I'm trying to read a the same file using multiple Goroutines, where each Goroutine is assigned a byte to start reading from and a number of lines to read lineLimit
.
I was successful in doing so when the file fits in memory by setting the csv.ChunkSize
option to the chunkSize
variable. However, when the file is larger than memory, I need to reduce the csv.ChunkSize
option. I was attempting something like this
package main
import (
"io"
"log"
"os"
"sync"
"github.com/apache/arrow/go/v11/arrow"
"github.com/apache/arrow/go/v11/arrow/csv"
)
// A reader to read lines from the file starting from the byteOffset. The number
// of lines is specified by linesLimit.
func produce(
id int,
ch chan<- arrow.Record,
byteOffset int64,
linesLimit int64,
filename string,
wg *sync.WaitGroup,
) {
defer wg.Done()
fd, _ := os.Open(filename)
fd.Seek(byteOffset, io.SeekStart)
var remainder int64 = linesLimit % 10
limit := linesLimit - remainder
chunkSize := limit / 10
reader := csv.NewInferringReader(fd,
csv.WithChunk(int(chunkSize)),
csv.WithNullReader(true, ""),
csv.WithComma(','),
csv.WithHeader(true),
csv.WithColumnTypes(map[string]arrow.DataType{
"Start_Time": arrow.FixedWidthTypes.Timestamp_ns,
"End_Time": arrow.FixedWidthTypes.Timestamp_ns,
"Weather_Timestamp": arrow.FixedWidthTypes.Timestamp_ns,
}))
reader.Retain()
defer reader.Release()
var count int64
for reader.Next() {
rec := reader.Record()
rec.Retain() // released at the other end of the channel
ch <- rec
count += rec.NumRows()
if count == limit {
if remainder != 0 {
flush(id, ch, fd, remainder)
}
break
} else if count > limit {
log.Panicf("Reader %d read more than it should, expected=%d, read=%d", id, linesLimit, count)
}
}
if reader.Err() != nil {
log.Panicf("error: %s in line %d,%d", reader.Err().Error(), count, id)
}
}
func flush(id int,
ch chan<- arrow.Record,
fd *os.File,
limit int64,
) {
reader := csv.NewInferringReader(fd,
csv.WithChunk(int(limit)),
csv.WithNullReader(true, ""),
csv.WithComma(','),
csv.WithHeader(false),
)
reader.Retain()
defer reader.Release()
record := reader.Record()
record.Retain() // nil pointer dereference error here
ch <- record
}
I tried multiple versions of this previous code, including:
- Copying the file descriptor
- Copying the offset of the file descriptor, opening the same file and seeking to that offset.

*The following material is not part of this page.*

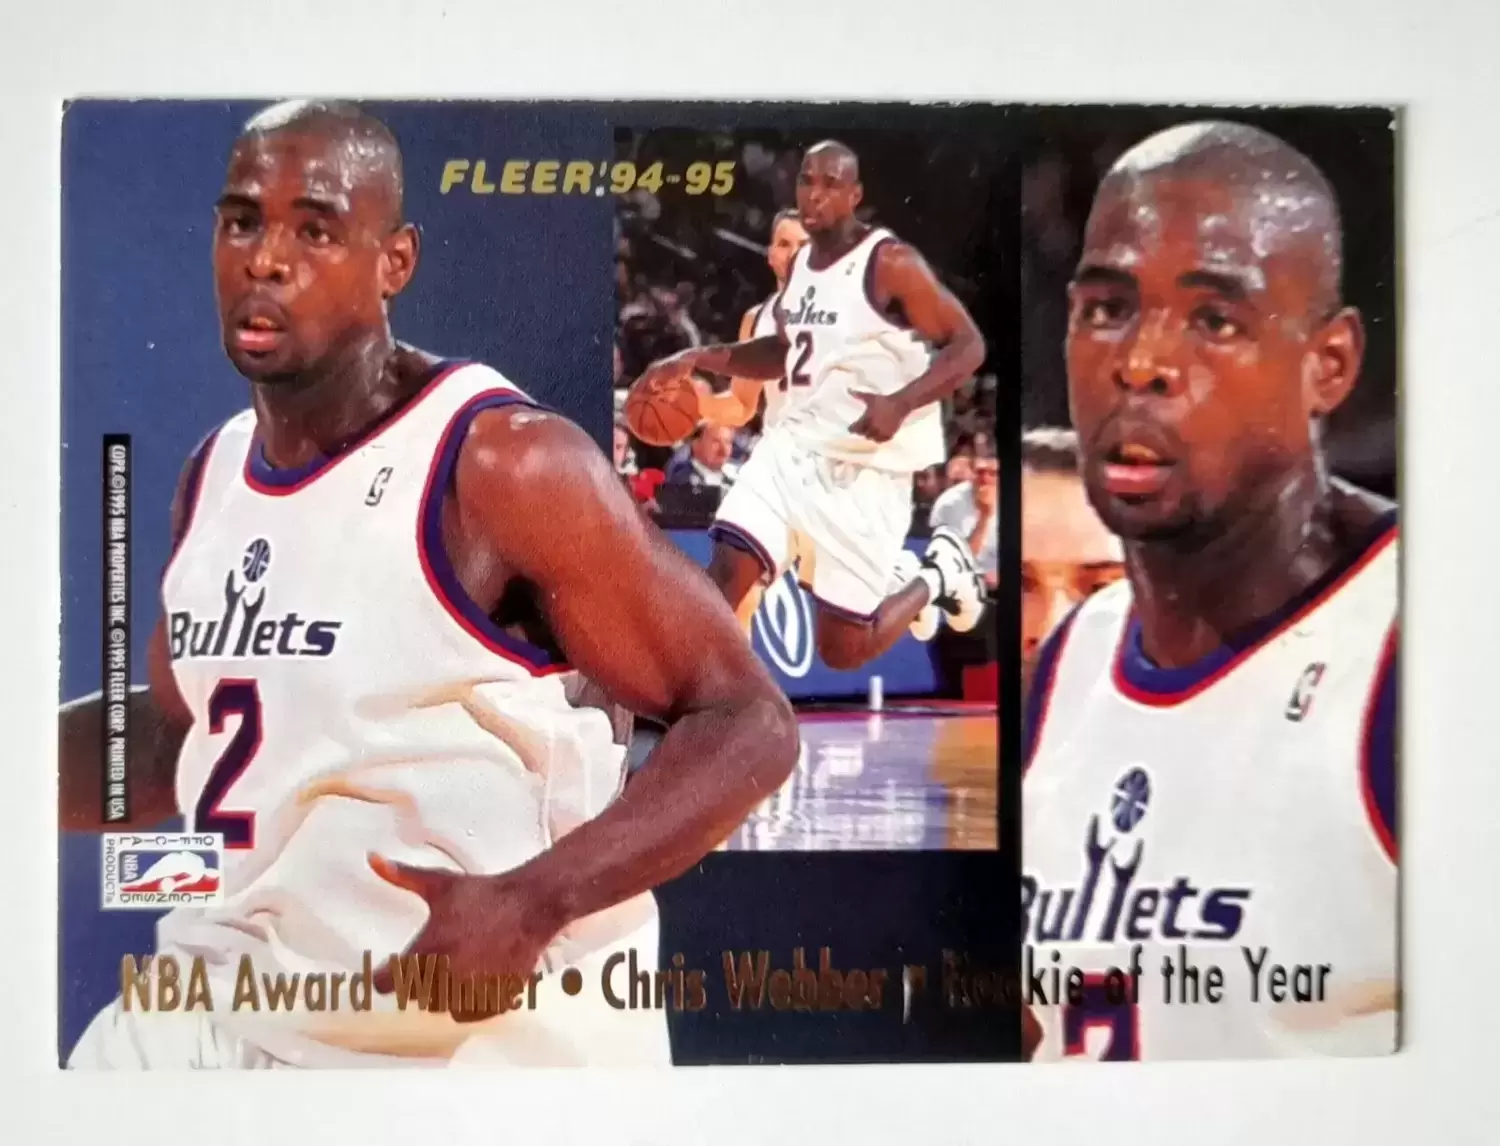 Fleer 94-95 / NBA European 1994-1995 - Chris Webber / Dell Curry

- Closing the first reader before calling
flush
or closing the firstfd
.
The error seems to be the same no matter how I change the code. Note that any call to flush
's reader raises an error. Includingreader.Next
, and reader.Err()
.
Am I using the csv readers wrong? Is this a problem with reusing the same file?
EDIT: I don't know if this helps, but opening a new fd in flush
without any Seek
avoids the error (Somehow any Seek
causes the original error to appear). However, the code is not correct without a Seek
(i.e. removing Seek
causes a part of the file to not be read at all by any Goroutine).